Exercise>
Only the lines from the one containing "Best Printable Primary" to the end of the records belong in the answer; repeat them exactly and drop the pictures.

═══ Task input ═══

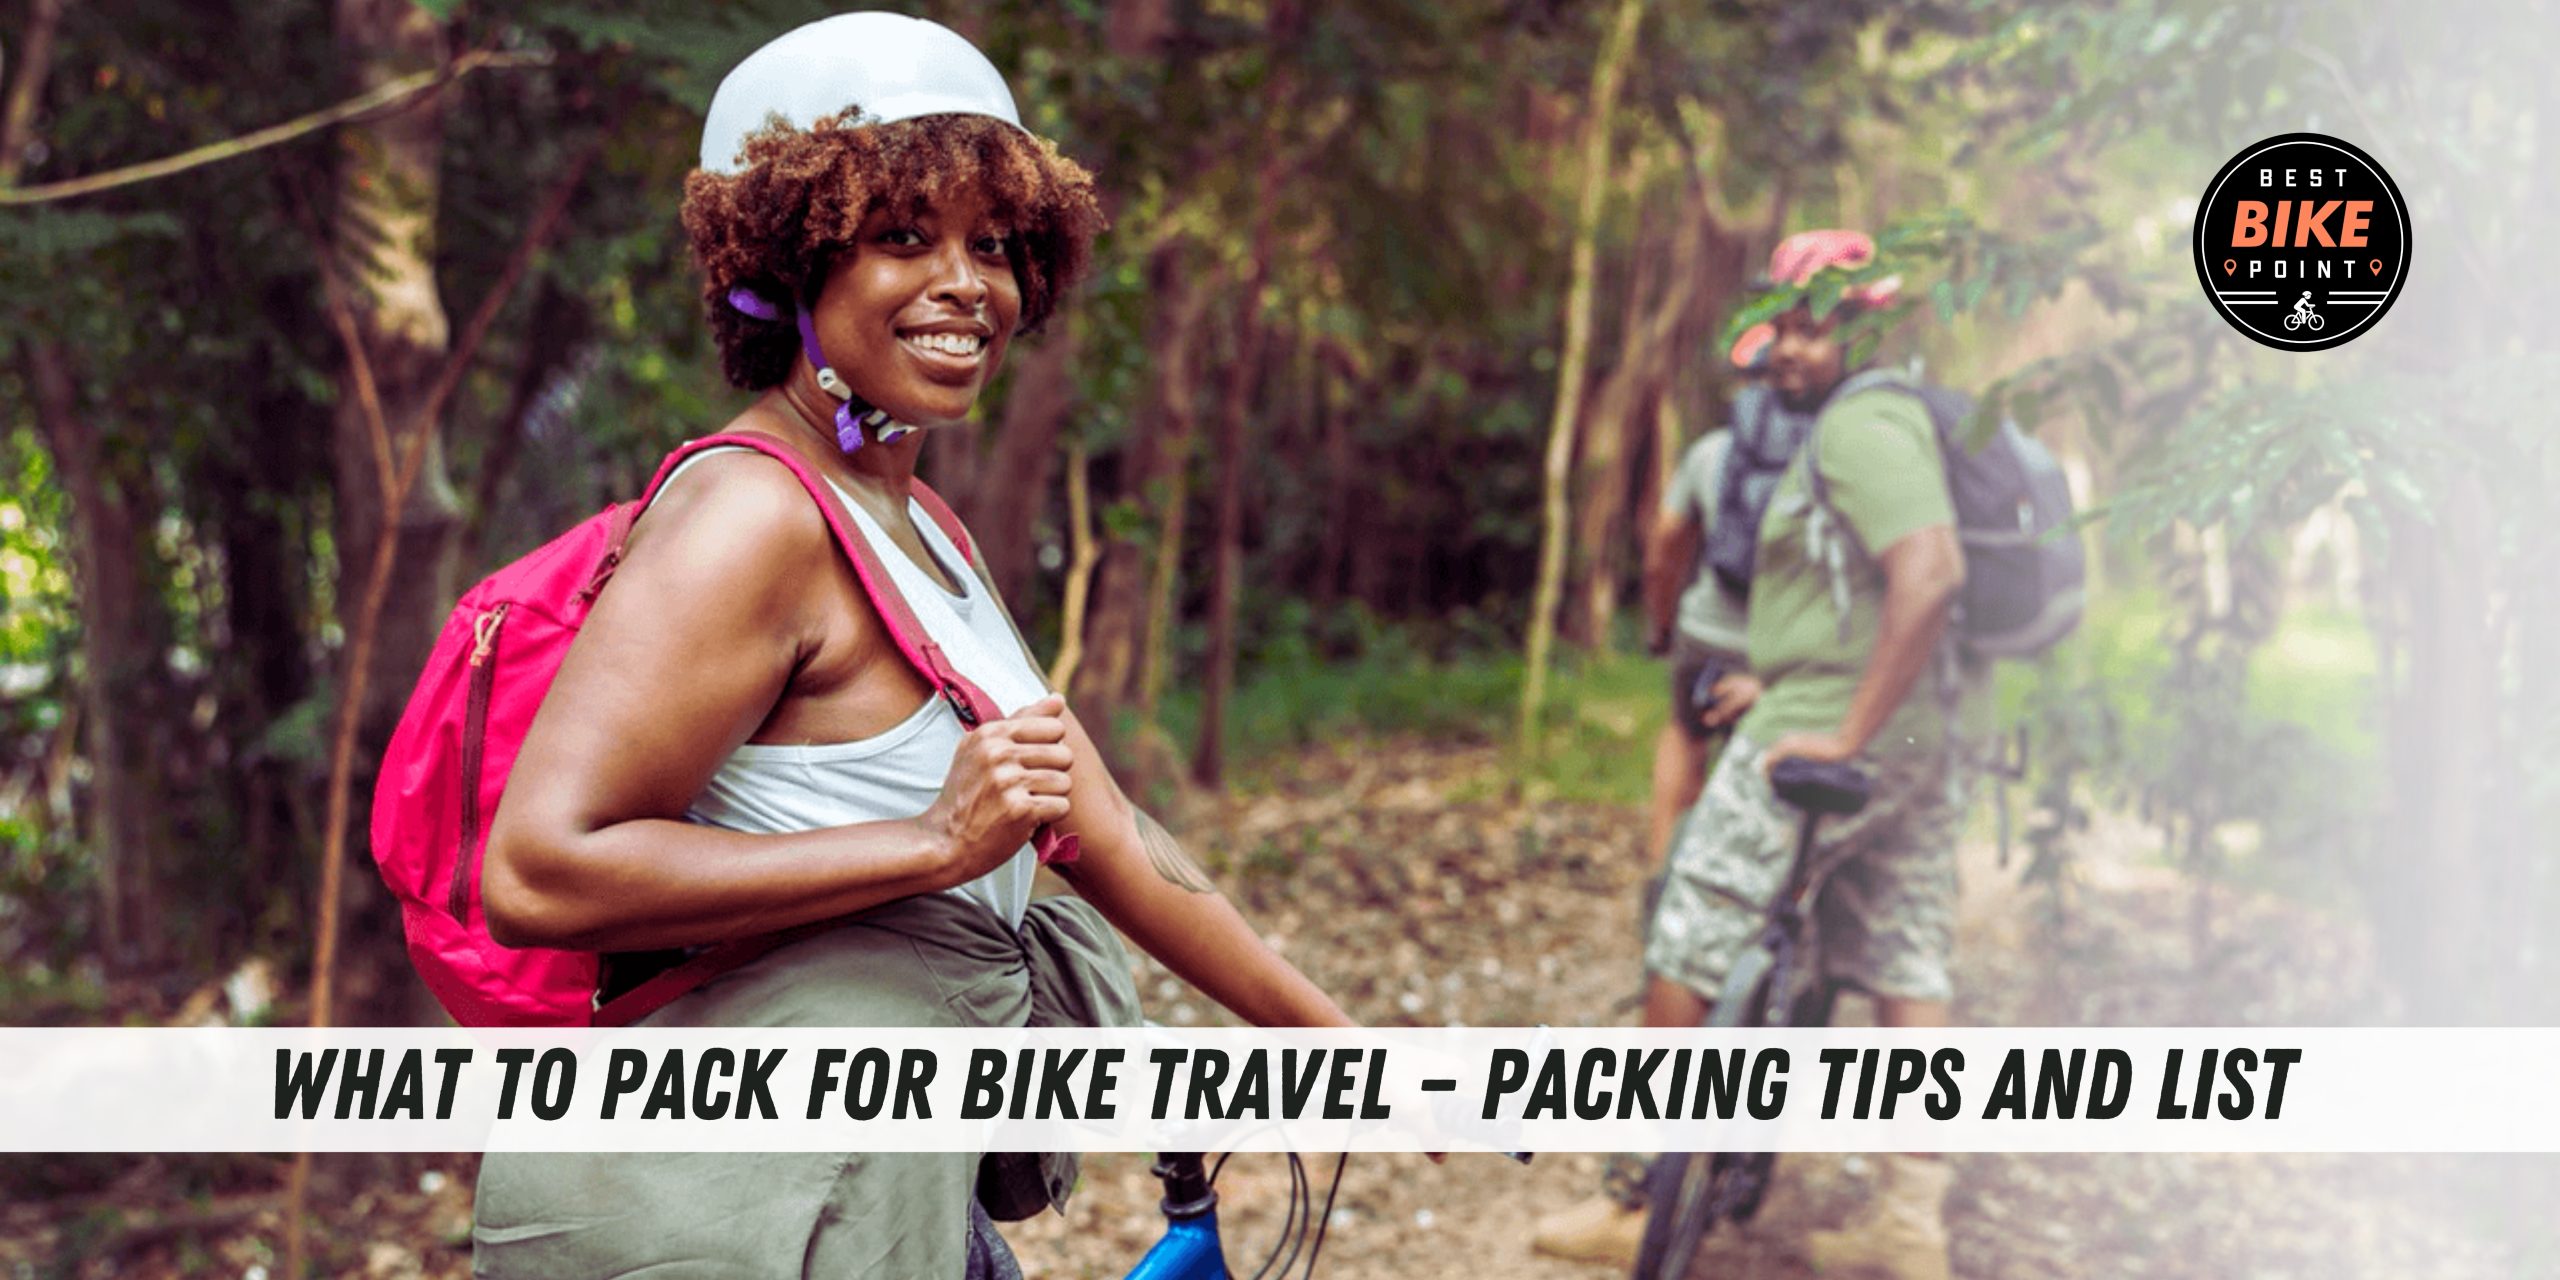 What to Pack for Bike Travel
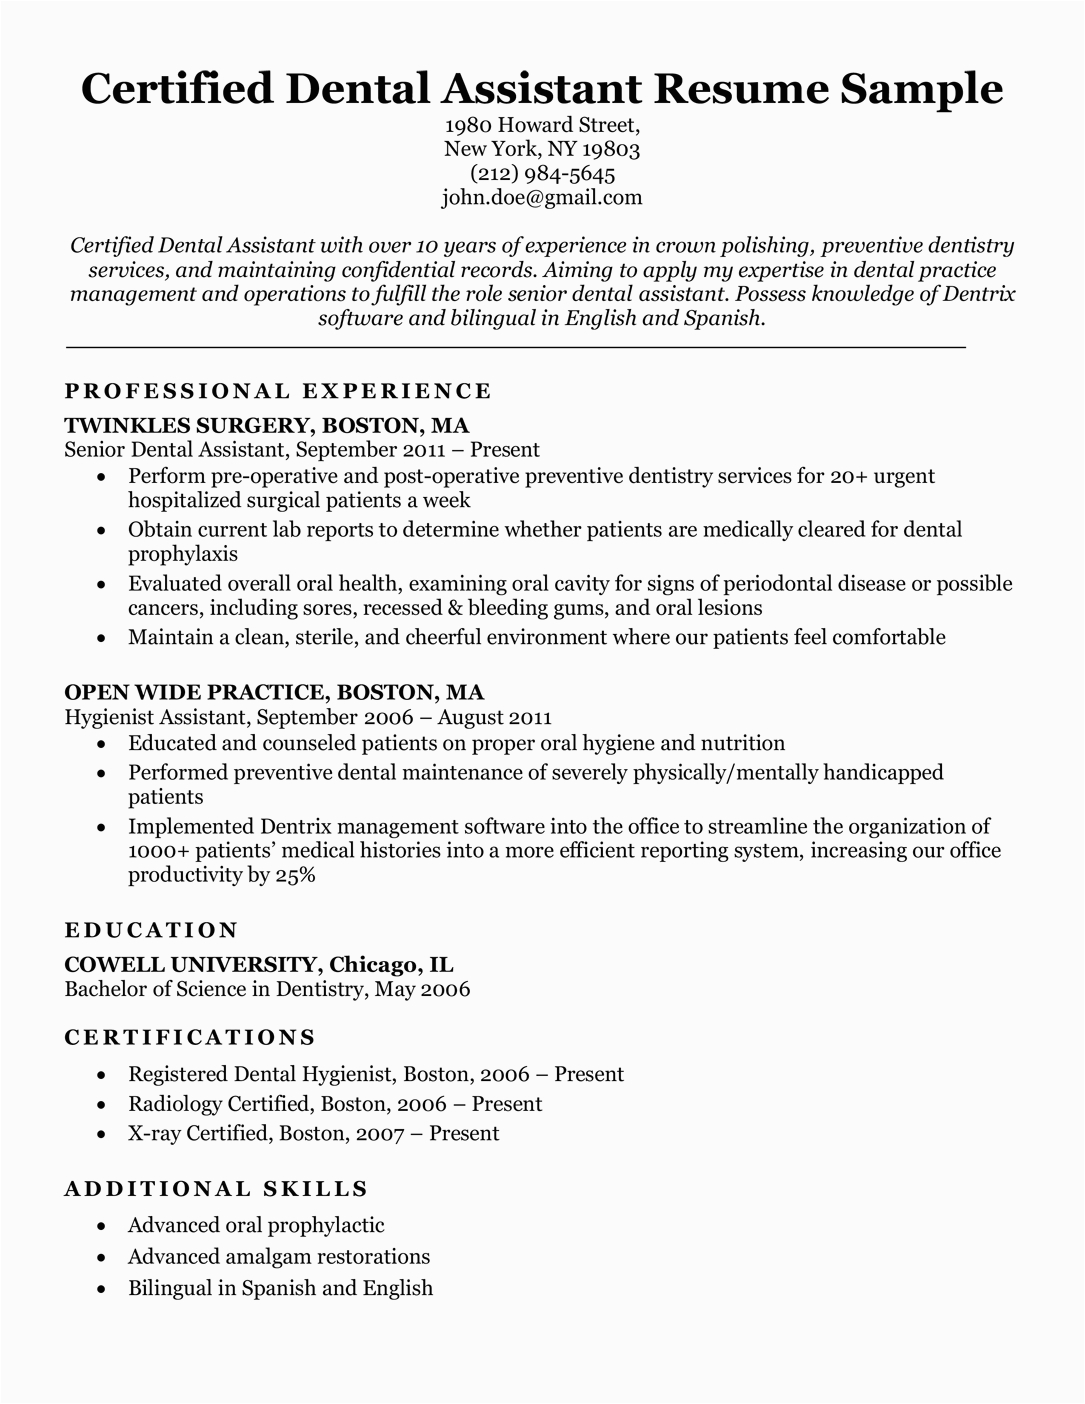 Sample Resume for Dental assistant with No Experience Dental Resume Examples & Writing Tips
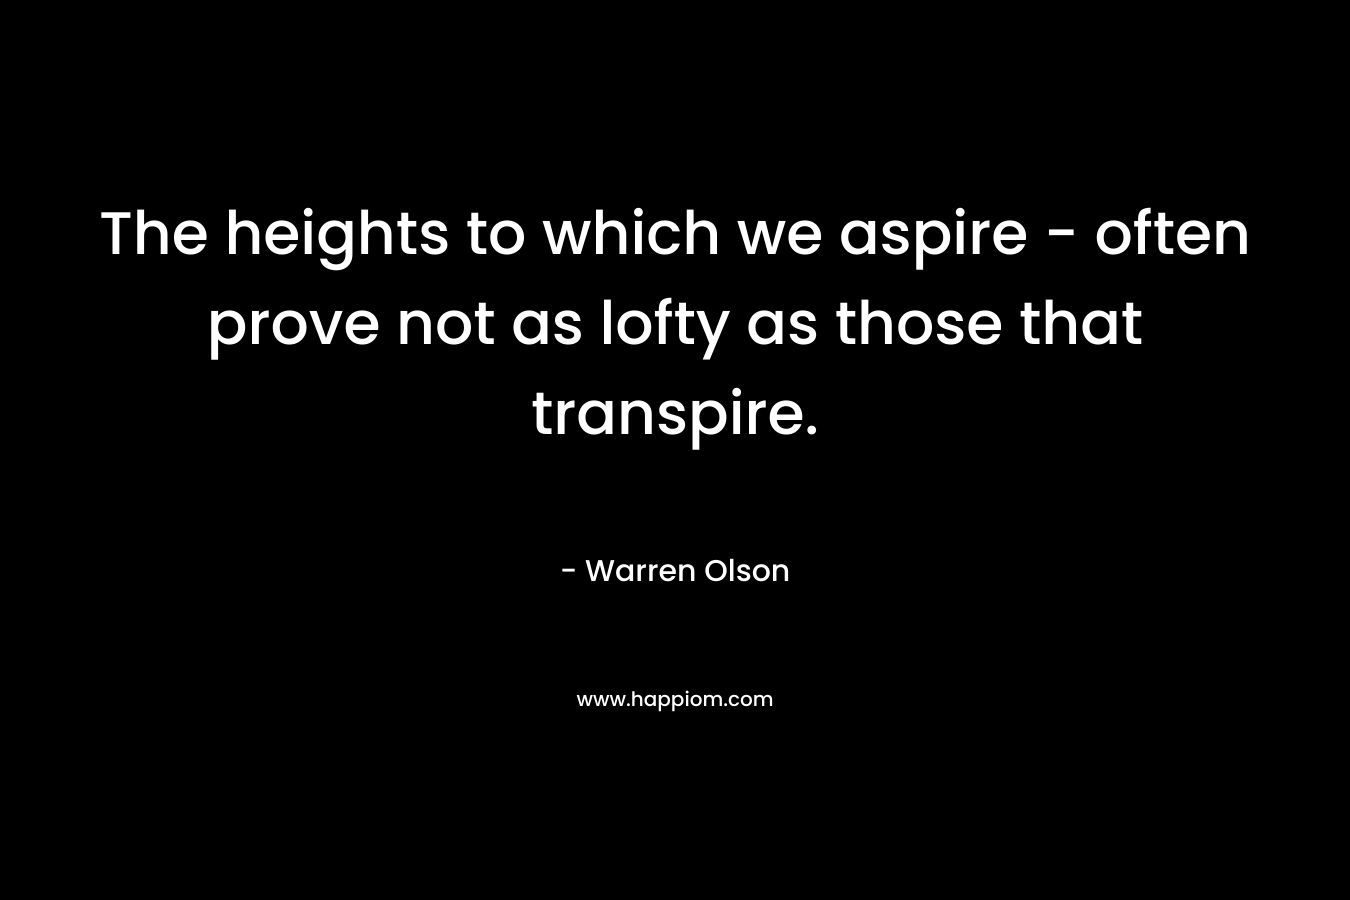 The heights to which we aspire – often prove not as lofty as those that transpire. – Warren Olson
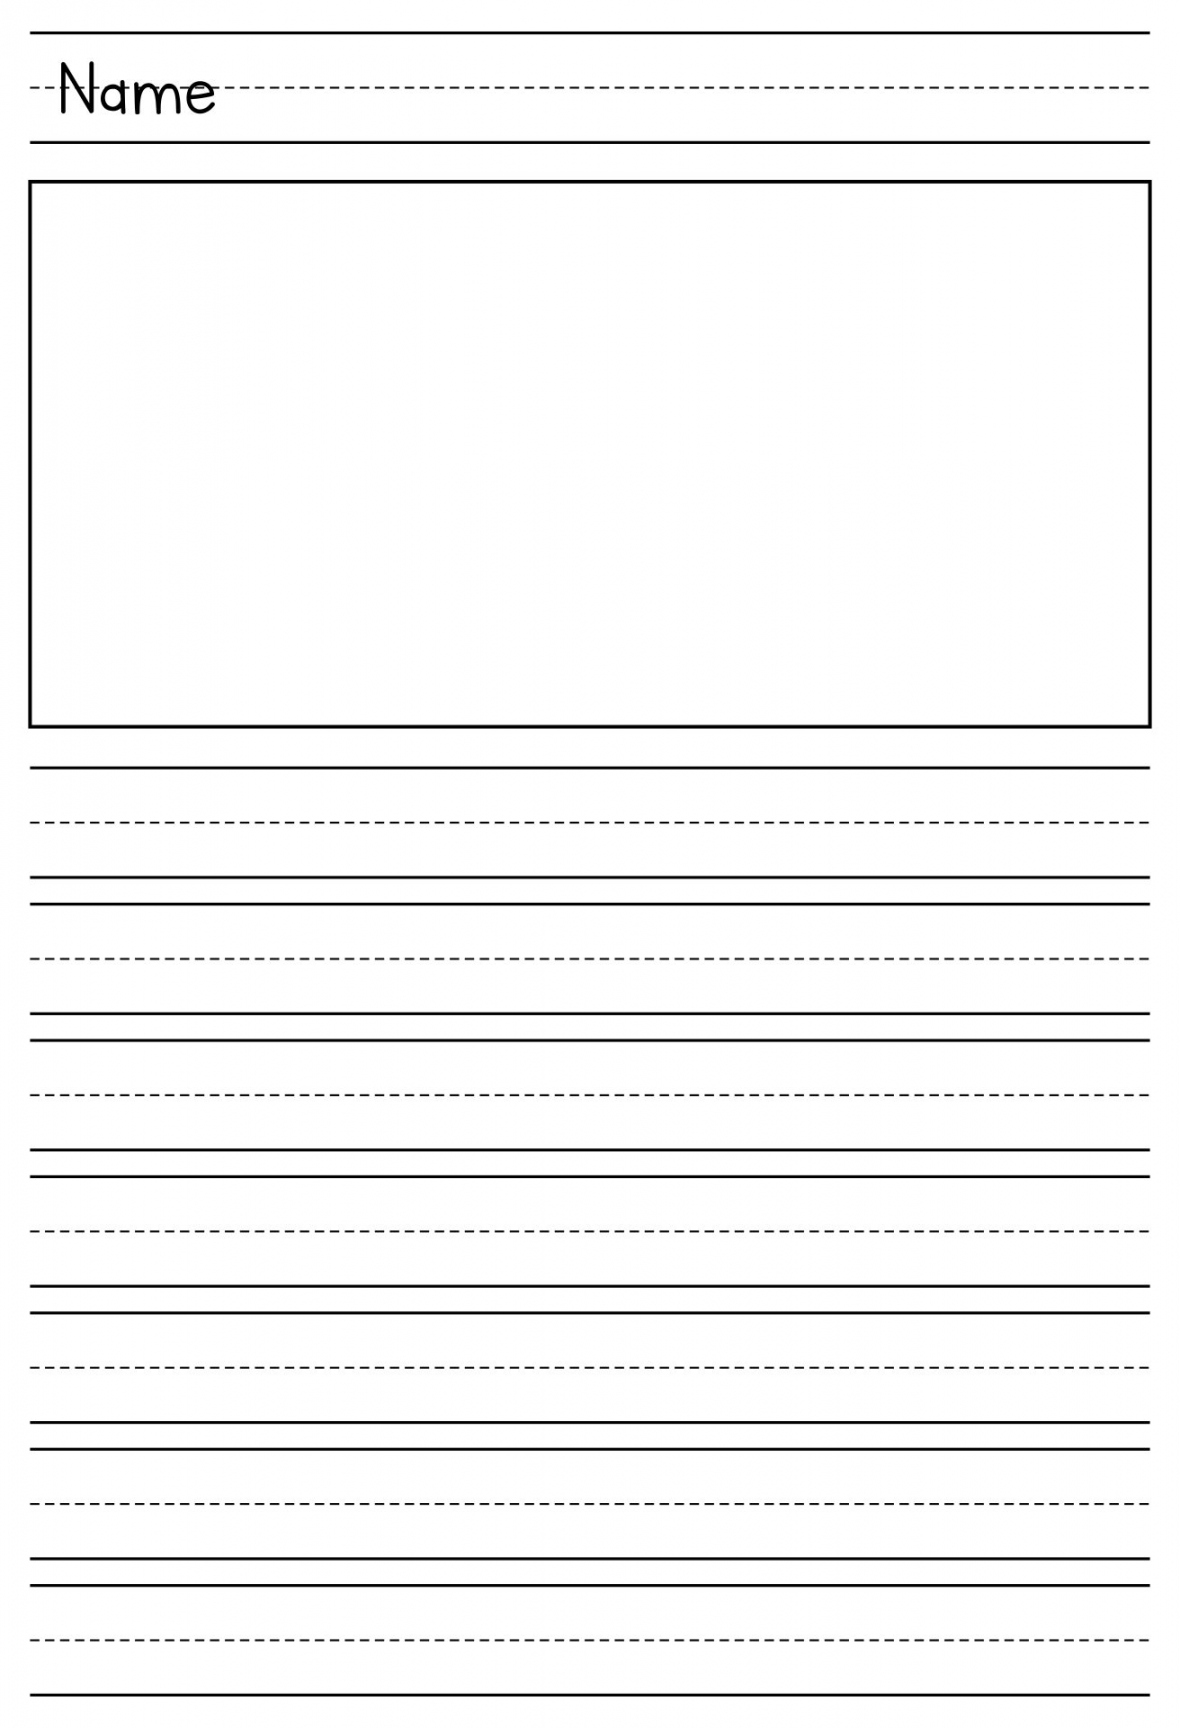 Best Printable Primary Writing Paper Template - printablee - Writing Paper Free Printable
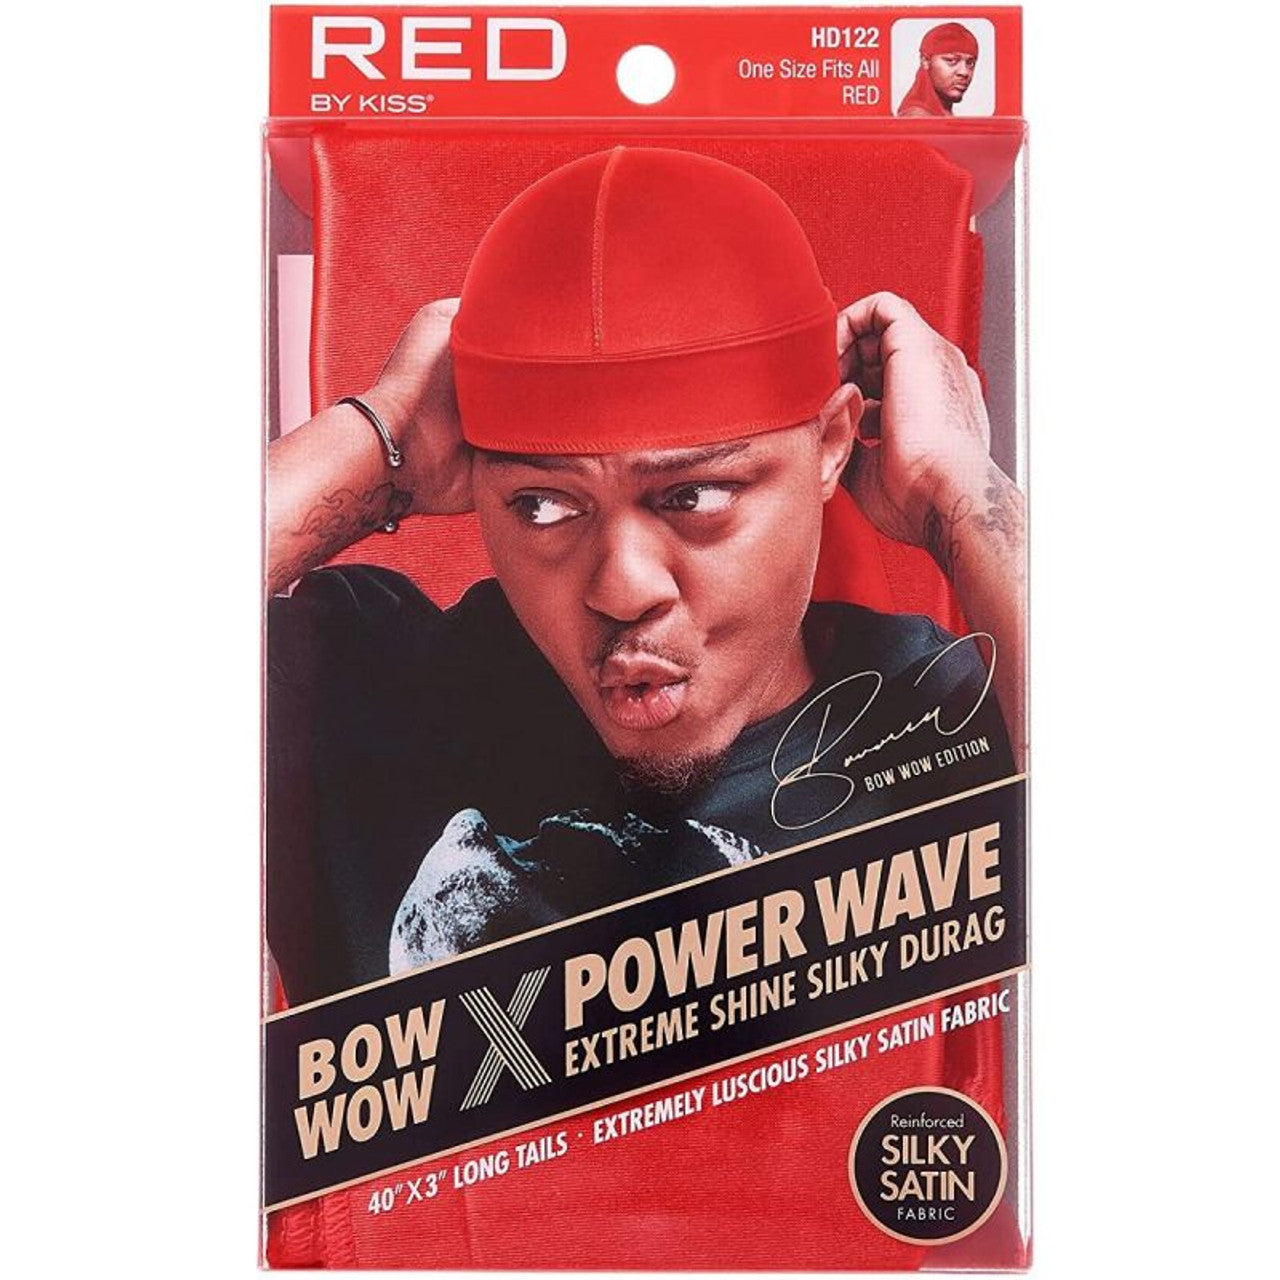 Red by Kiss Bow Wow X Power Wave Extreme Shine Silky Durag - Red - #HD122

═══

Expected answer>
 Best Printable Primary Writing Paper Template - printablee - Writing Paper Free Printable
 Red by Kiss Bow Wow X Power Wave Extreme Shine Silky Durag - Red - #HD122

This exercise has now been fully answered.